Era (ou tentativa de prosa poética #28)

Era um daqueles dias em que o Sol parece estar a pino mesmo cedo da manhã, ou mesmo pouco antes de desaparecer de vez. Mas era justamente o meio do caminho. Meio dia ou algo assim. Surpreendentemente, isso não queria dizer que estava quente, era simplesmente um dia claro de primavera. O céu, quase azul demais para suportar, sem nuvens, sem esperanças; ou medo.

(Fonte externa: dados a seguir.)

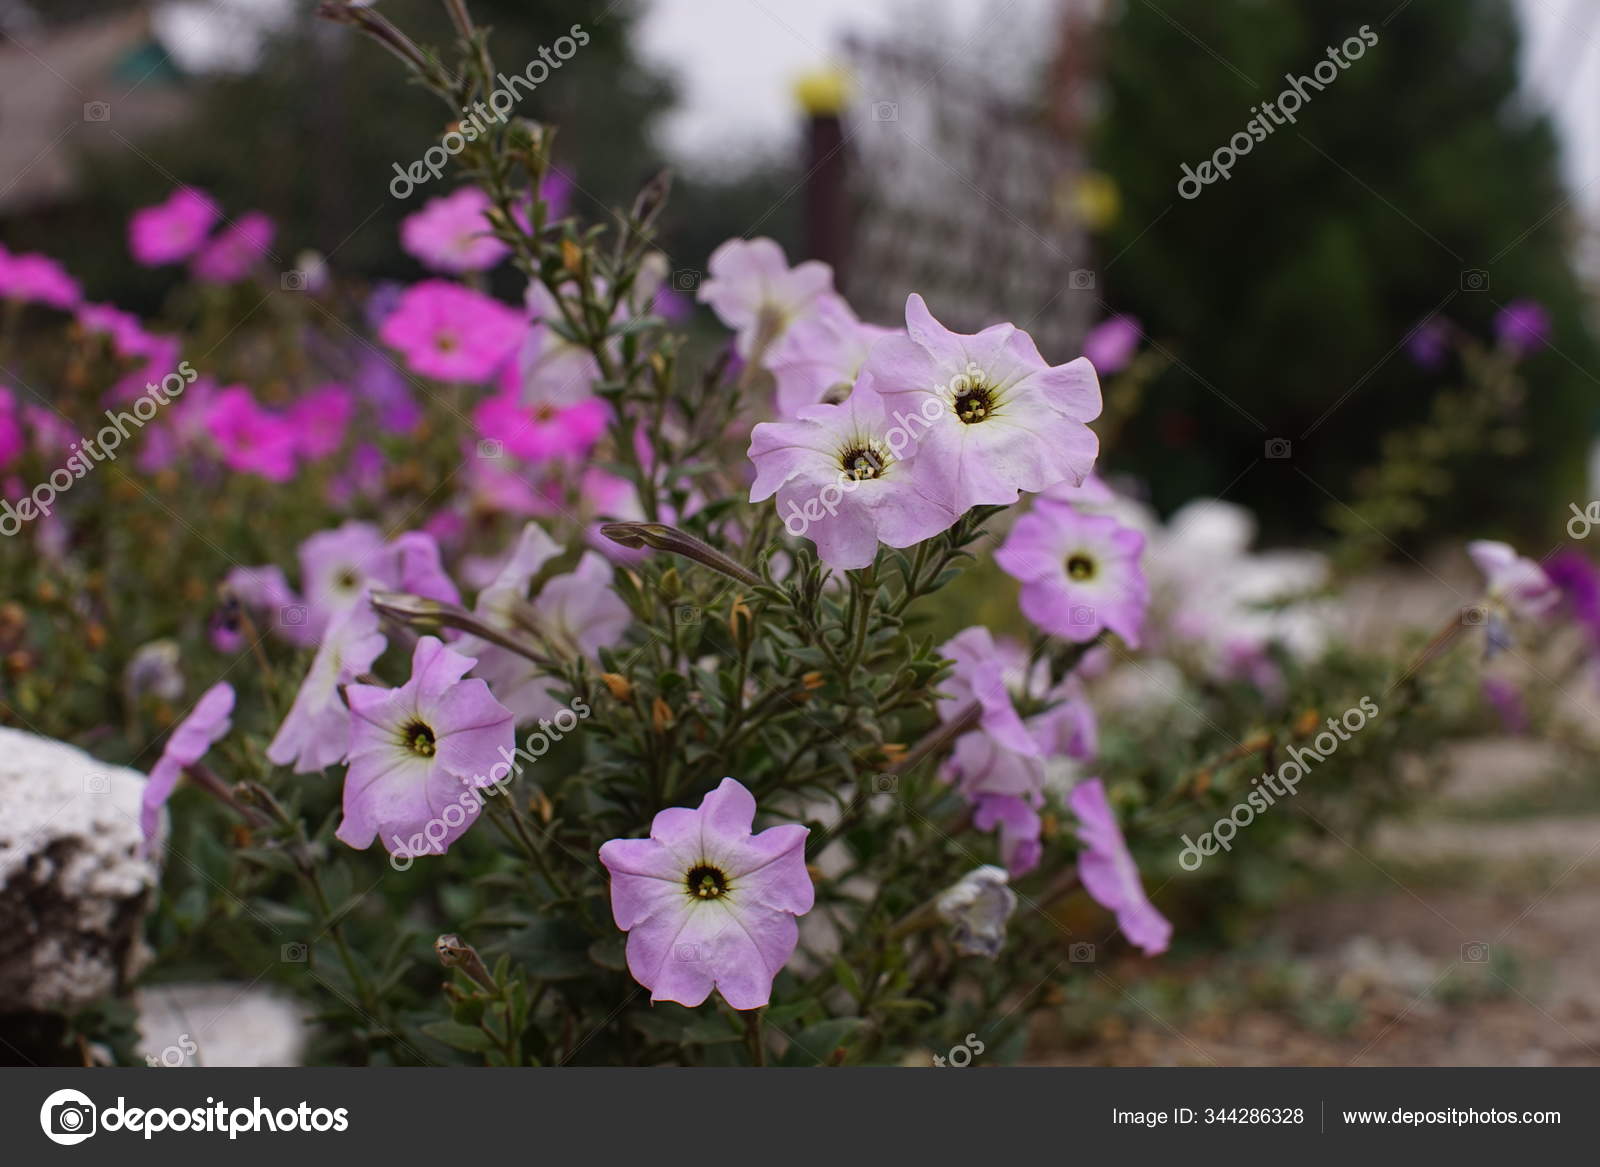 Tender Violet Petunia Flowers Bush Grow In The Garden Stock Photo C Sonymoon 344286328

Era um bairro histórico. Coisa que no novo mundo quer dizer algo muito incerto. Apenas um amontoado de casas velhas, algumas das quais haviam sido vagamente importantes no passado, a arquitetura incluía de tudo, desde colunas coríntias até rococós em falsas sacadas, sem esquecer, claro, das caixinhas azuis coloniais. Nada tinha a menor utilidade, tudo muito kitsch, e por isso agradava tanto aos jovens. Tanto os que afetadamente confundiam kitsch e sofisticação quanto os que buscavam a diferença e o real vivendo na sujeira do mundo, que no fim é só uma forma diferente de kitsch. E eu era apenas um dentre esses. Não importa de qual grupo, eu não sou importante nessa história.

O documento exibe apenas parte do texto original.